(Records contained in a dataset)
##############################
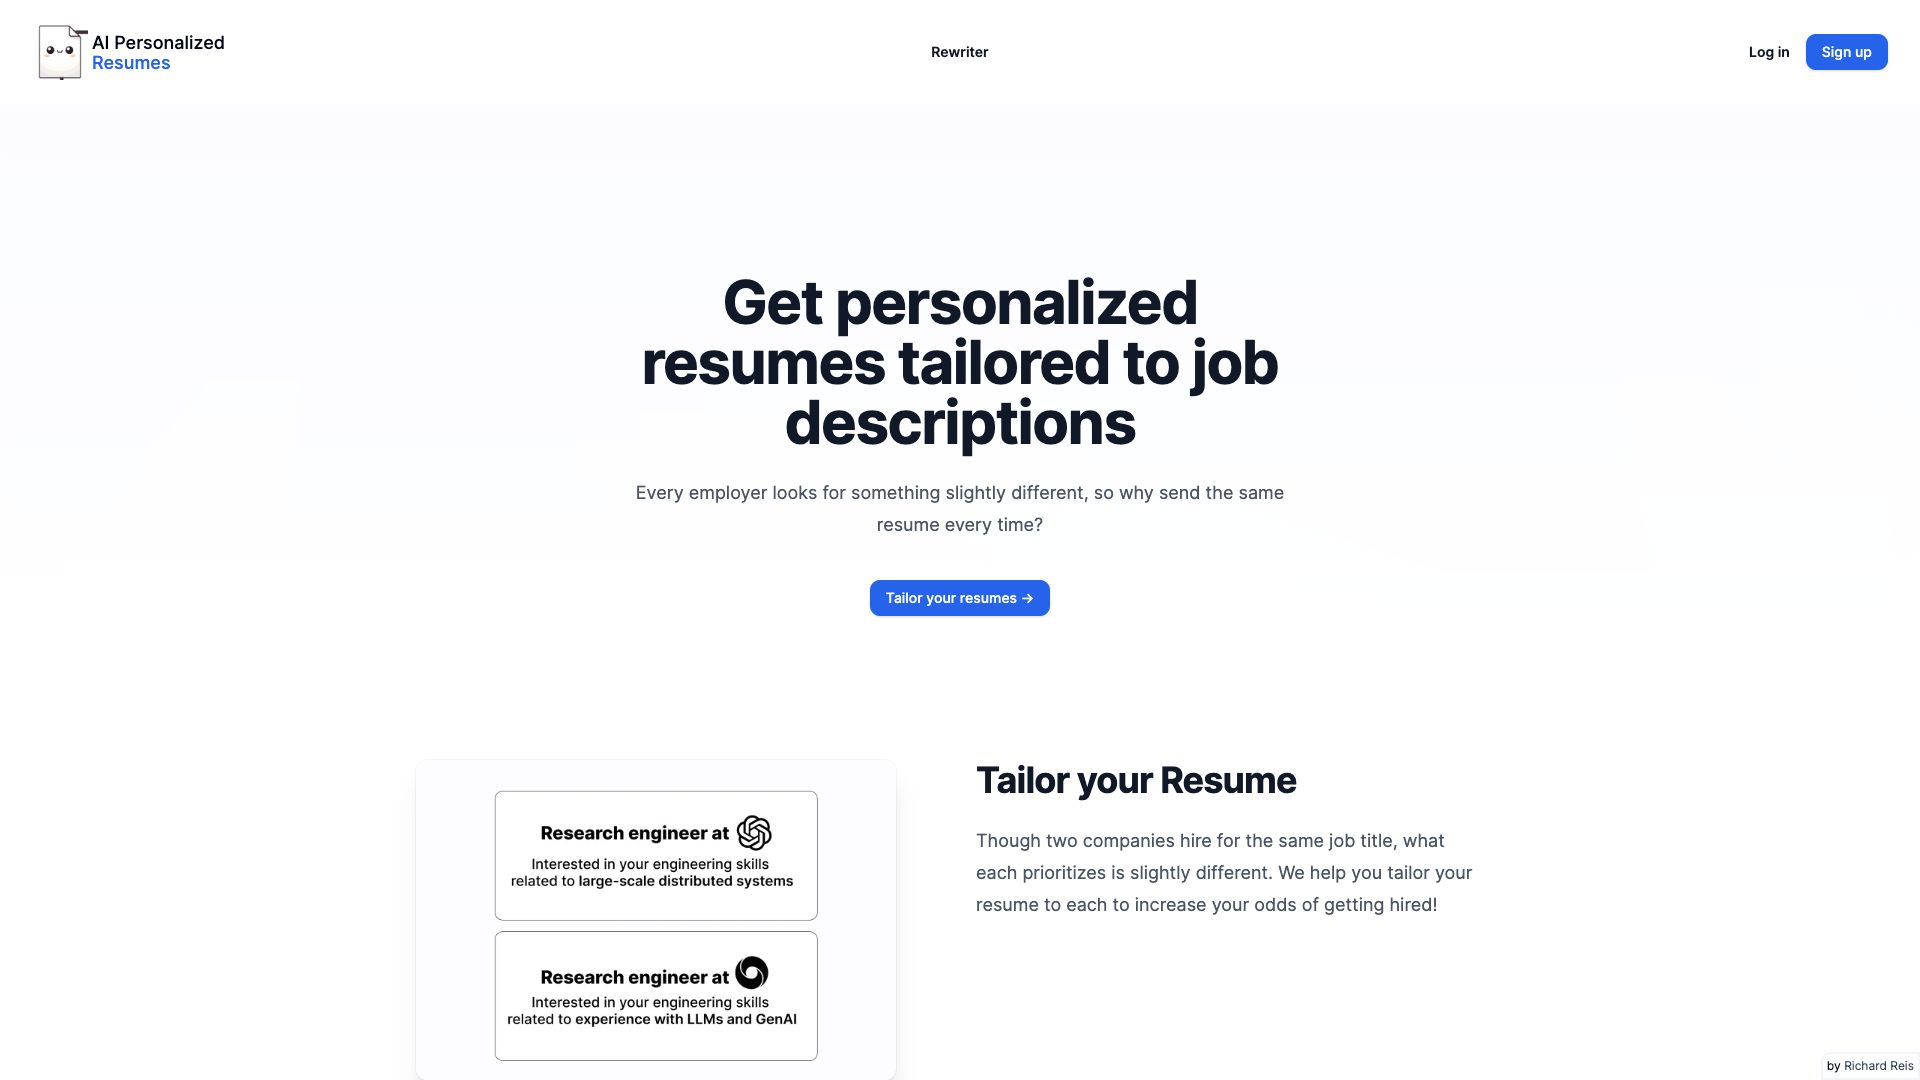 AI Personalized Resumes 
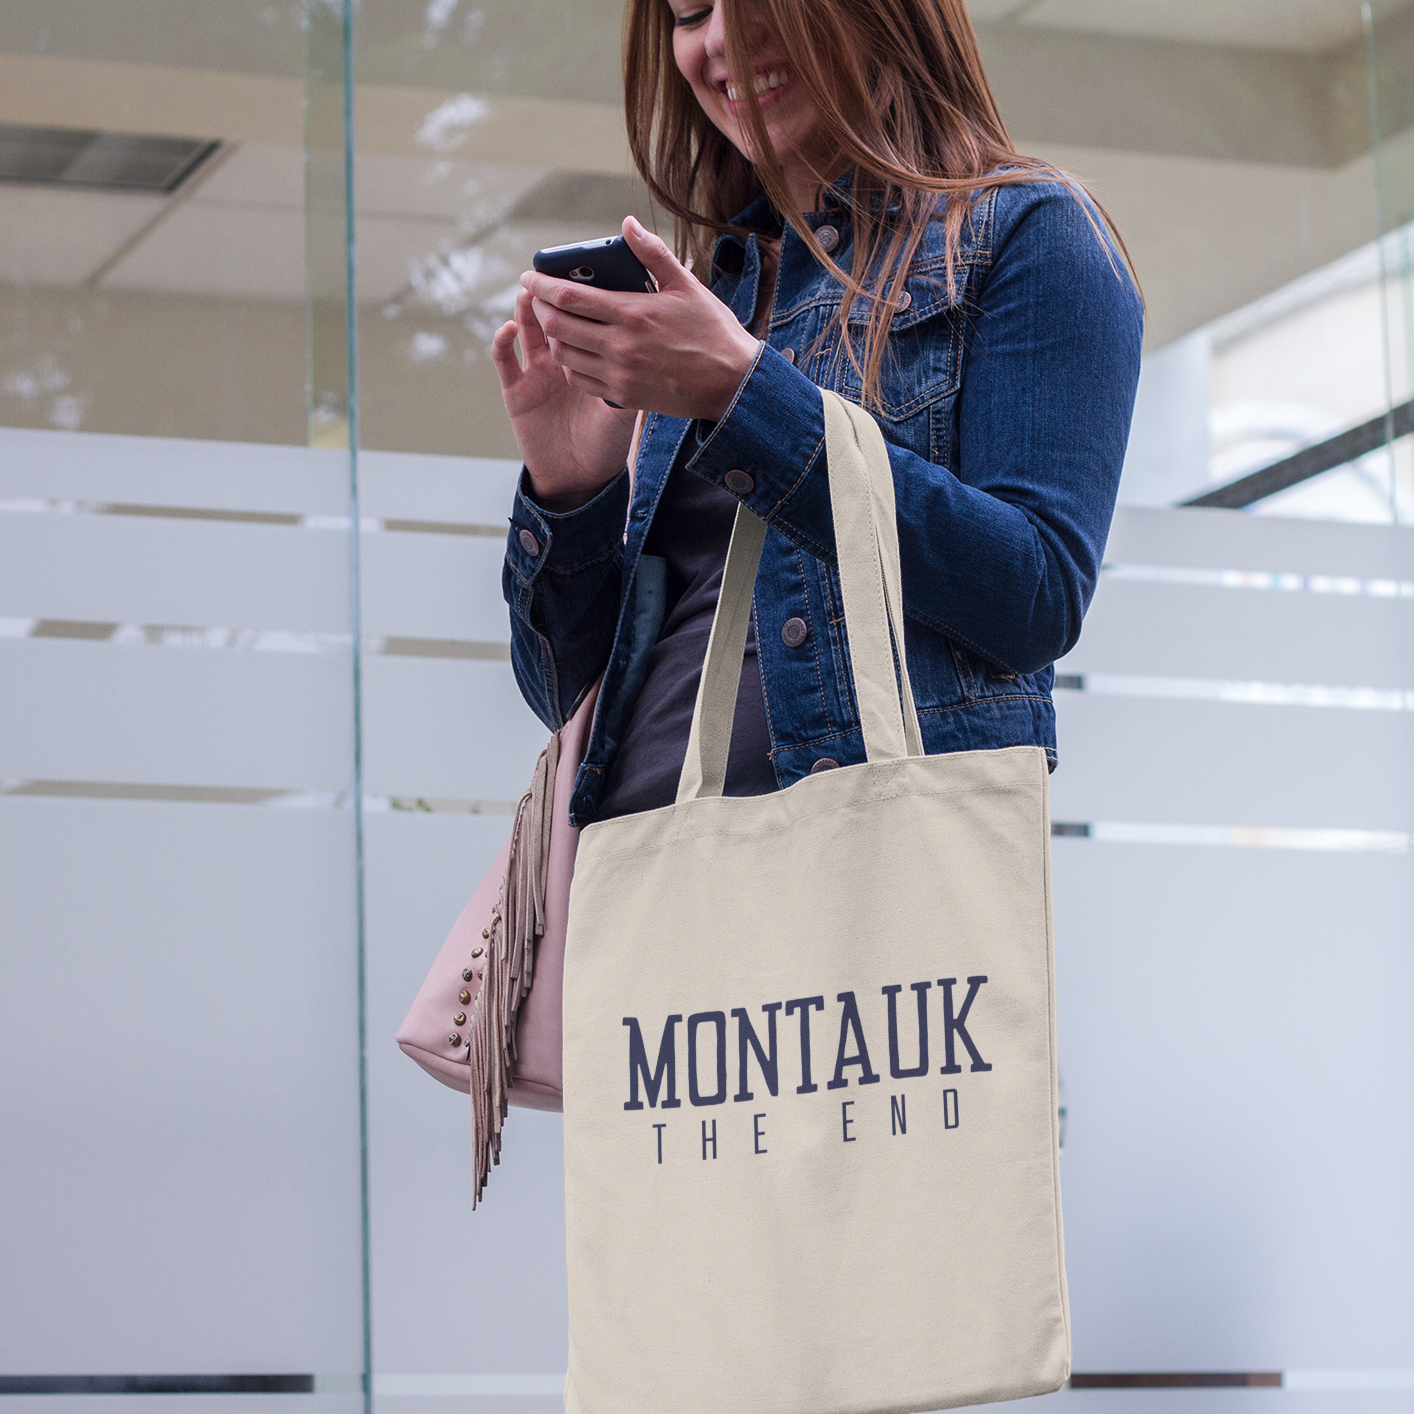 Montauk 'The End' Tote Bag - Durable 100% Cotton Canvas, Perfect for Everyday Use
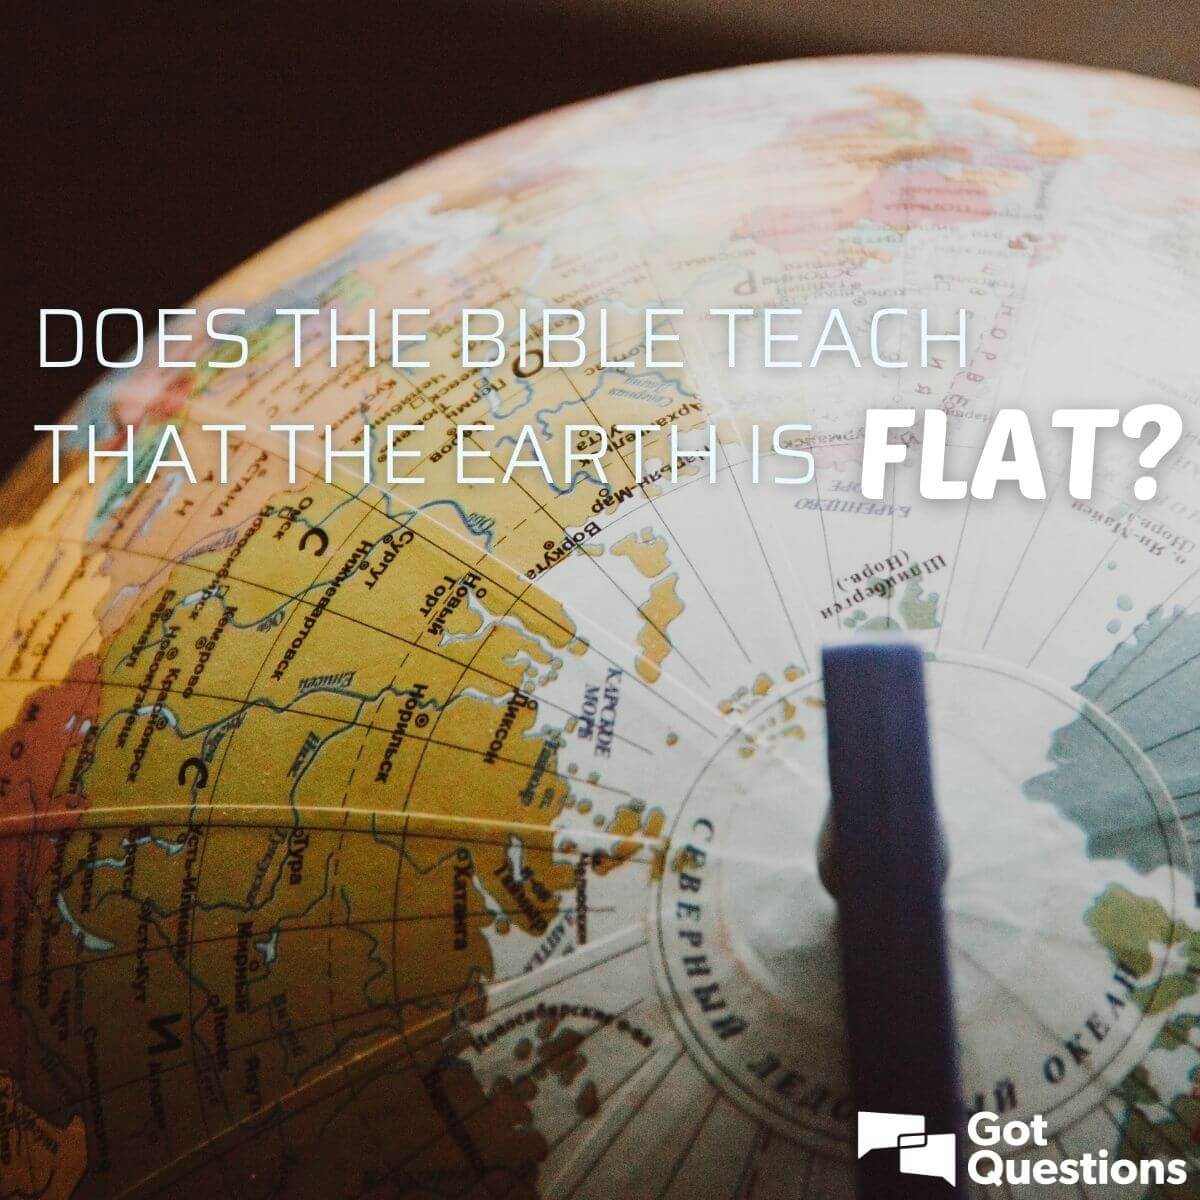 bible says the earth is flat
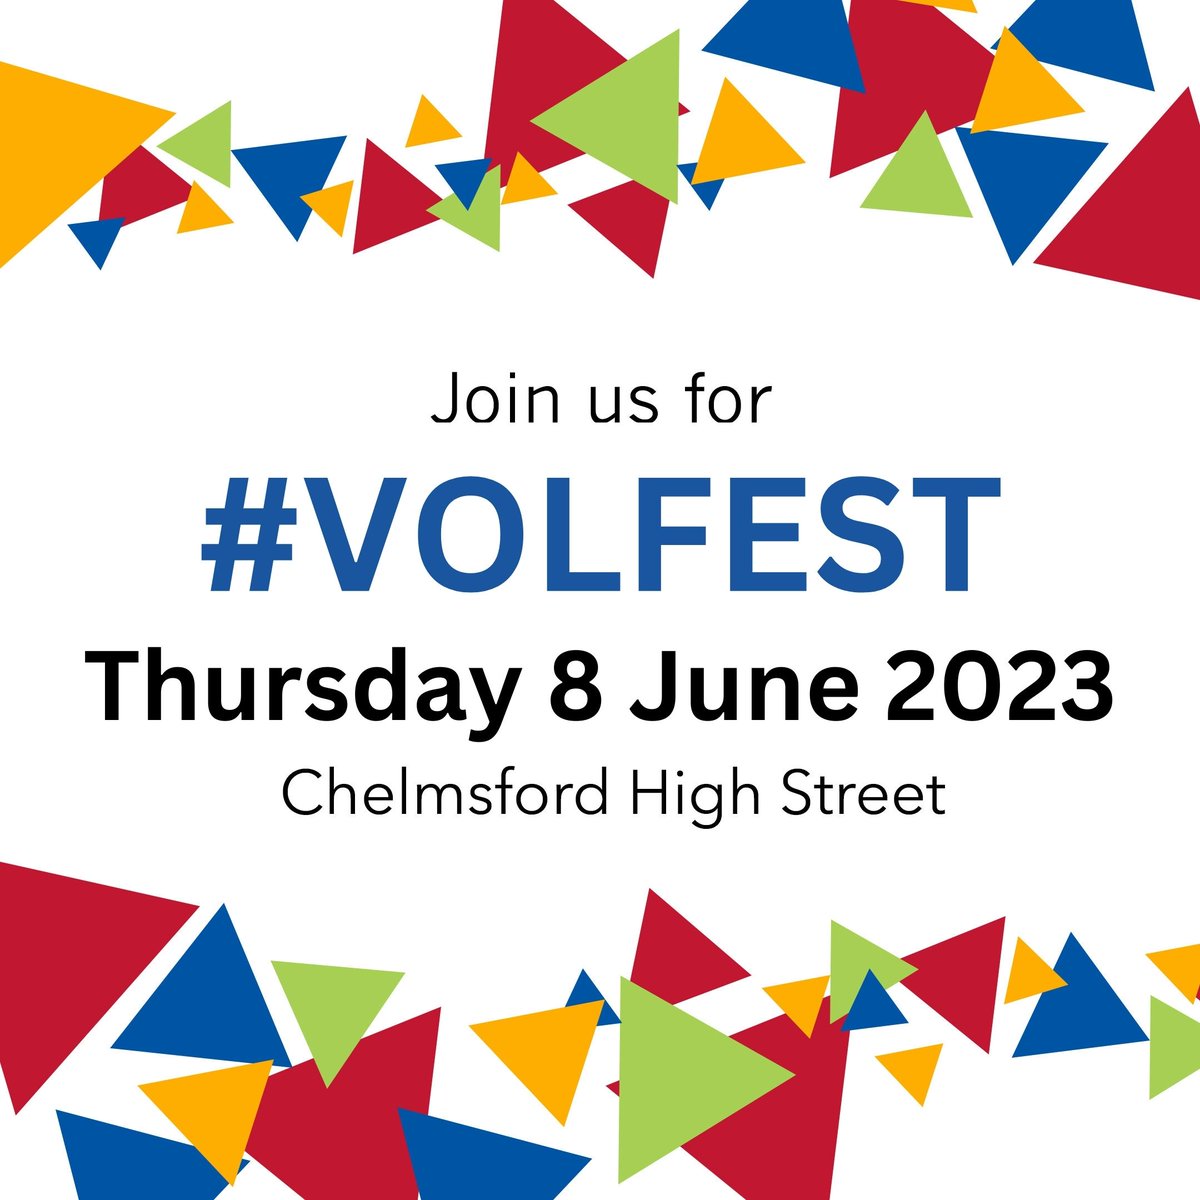 Today's the day! 

Please pop down to #Chelmsford high street to join in this years #VolFest 

@ChelmsfordCVS
##############################
WORK INSTRUCTIONS =
Could you transcribe exactly the lines from the line containing "bible says the earth is flat" through the final line of the records, both included, and nothing beyond them? The pictures should be left out.

ANSWER BOX =
 bible says the earth is flat
 Today's the day! 

Please pop down to #Chelmsford high street to join in this years #VolFest 

@ChelmsfordCVS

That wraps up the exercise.